1. Do you WANT to hire someone?
If you’ve been working on your own for a while, you may not want to complicate things. You need to ask yourself if you will be able to share your space. Also, consider if you are ready to delegate some of your work to someone you may not know well and may not be 100% certain of their abilities. If you aren’t ready to share your space, or move to a larger office, consider whether you truly WANT to hire someone or not. If you aren’t 100% committed, perhaps it‘s too early to start expanding your firm. If you are positive you WANT to hire someone, be prepared to change your mindset and how you run your business in order to accommodate more employees.
2. Do you NEED to hire help?
Is your business plan set up for growth? At what point in your plan did you expect to be hiring additional employees? Perhaps the biggest consideration in determining your need is your quantity of backlog. Do you have enough work scheduled to keep an additional employee busy full time or part time? All these questions need to be answered before proceeding with hiring your first employee. If you can’t answer any of these questions, you may want to consider not hiring anyone at this point. Another option would be to hire a temporary employee, especially if you are not sure what your backlog will be.
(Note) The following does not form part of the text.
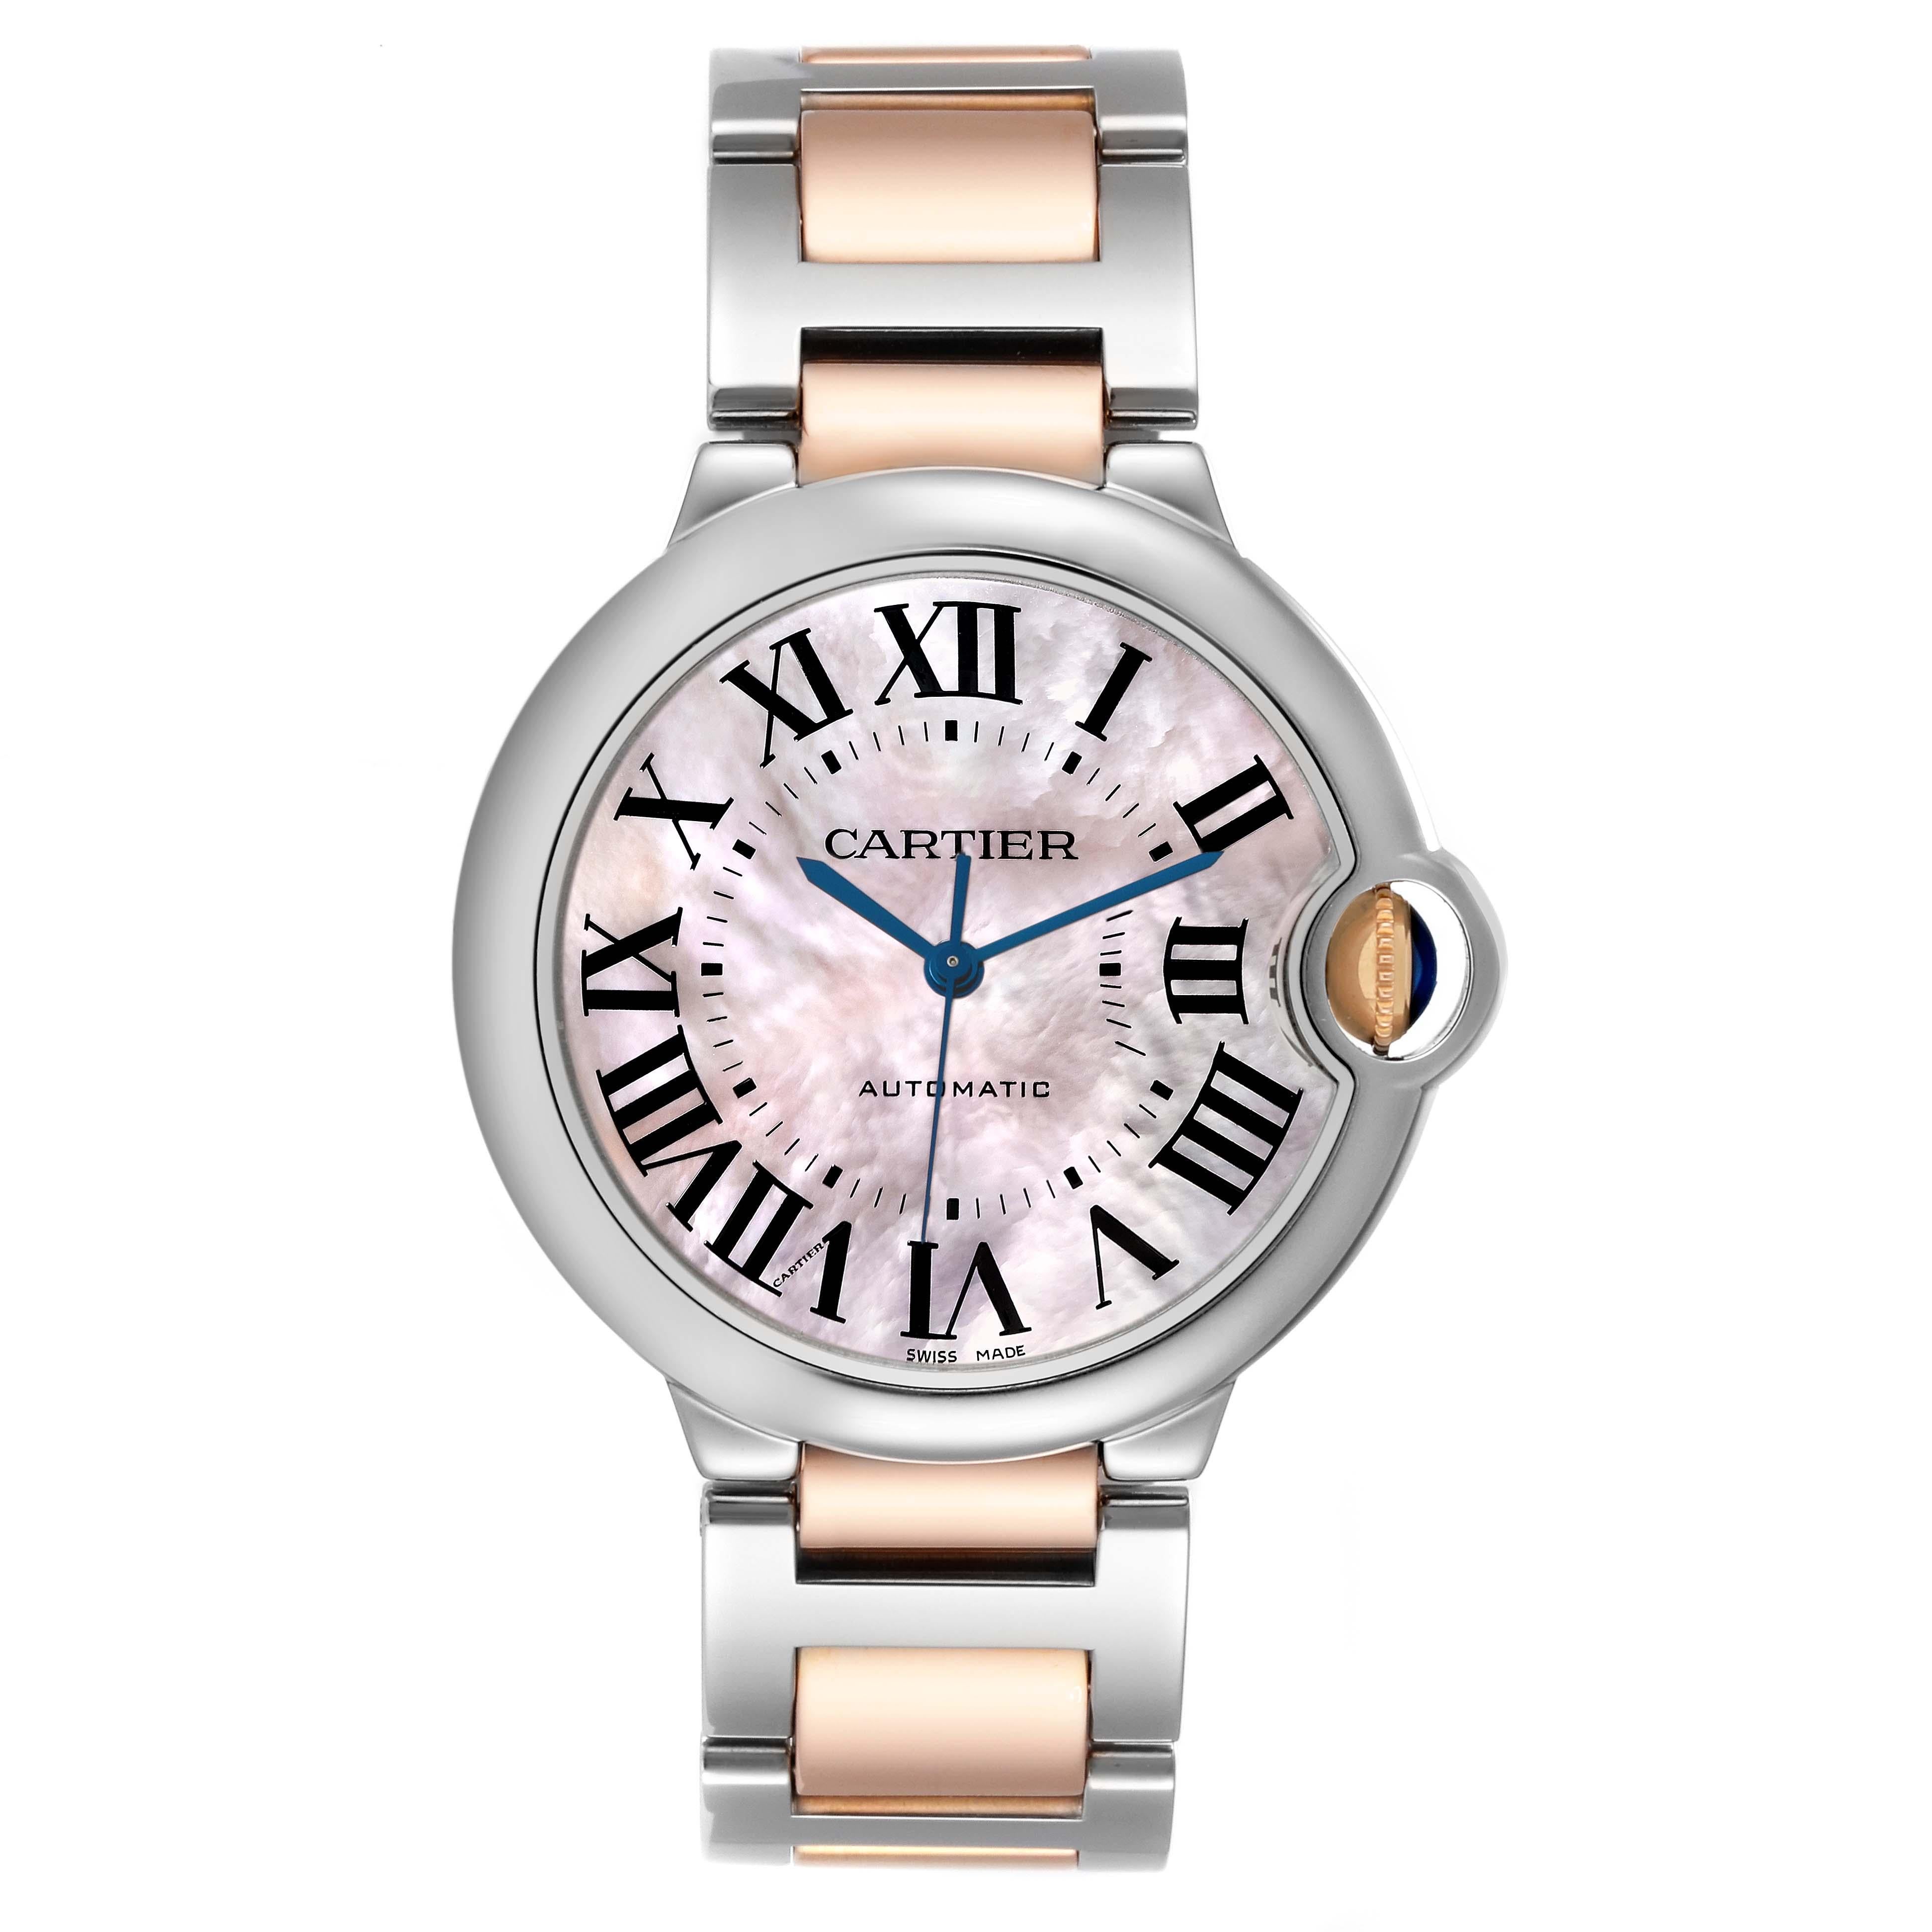 Cartier Ballon Bleu Steel Rose Gold Mother of Pearl Ladies Watch W6920033 Papers. Automatic self-winding movement. Round stainless steel case 36 mm in diameter. Fluted 18K rose gold crown set with a blue spinel cabochon. Stainless steel smooth

3. Get the company PAPERWORK in order.
Assuming you have determined that you’re ready and need to hire your first employee, you should prepare and file all of the paperwork required for the company to be able to hire employees. This includes acquiring an Employer Identification Number (EIN), setting up records for Federal, State, and Local withholding taxes, and a half dozen more regulations and paperwork. Getting this out of the way early will benefit you down the road. Visit the Small Business Administration website to see the governmental requirements.
4. Determine the ROLE new employee will fulfill.
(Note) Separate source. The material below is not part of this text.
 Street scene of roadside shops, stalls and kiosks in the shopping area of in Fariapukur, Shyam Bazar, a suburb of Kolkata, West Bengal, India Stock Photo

Do you need a professional or an entry level person? You will need to determine whether they will be experienced enough to run their own projects or if they will be able to provide the required design for the client. Or perhaps you are only looking for a draftsman. Before you can hire your first employee, you first need to define the role and responsibilities they will be fulfilling.
5. Time to PAY the piper.
Now is the time to determine the compensation package you are willing to offer. This should be determined before you have your first interview. You should have a range for the compensation package depending on what you can afford and the candidate’s abilities. Consider the following: salary, healthcare, dental, and vision insurance, sick leave, holidays, vacation, personal days, or a lump sum of paid time off (PTO), work space and equipment, and company equity in lieu of salary. All of this should be determined before you begin interviewing potential candidates.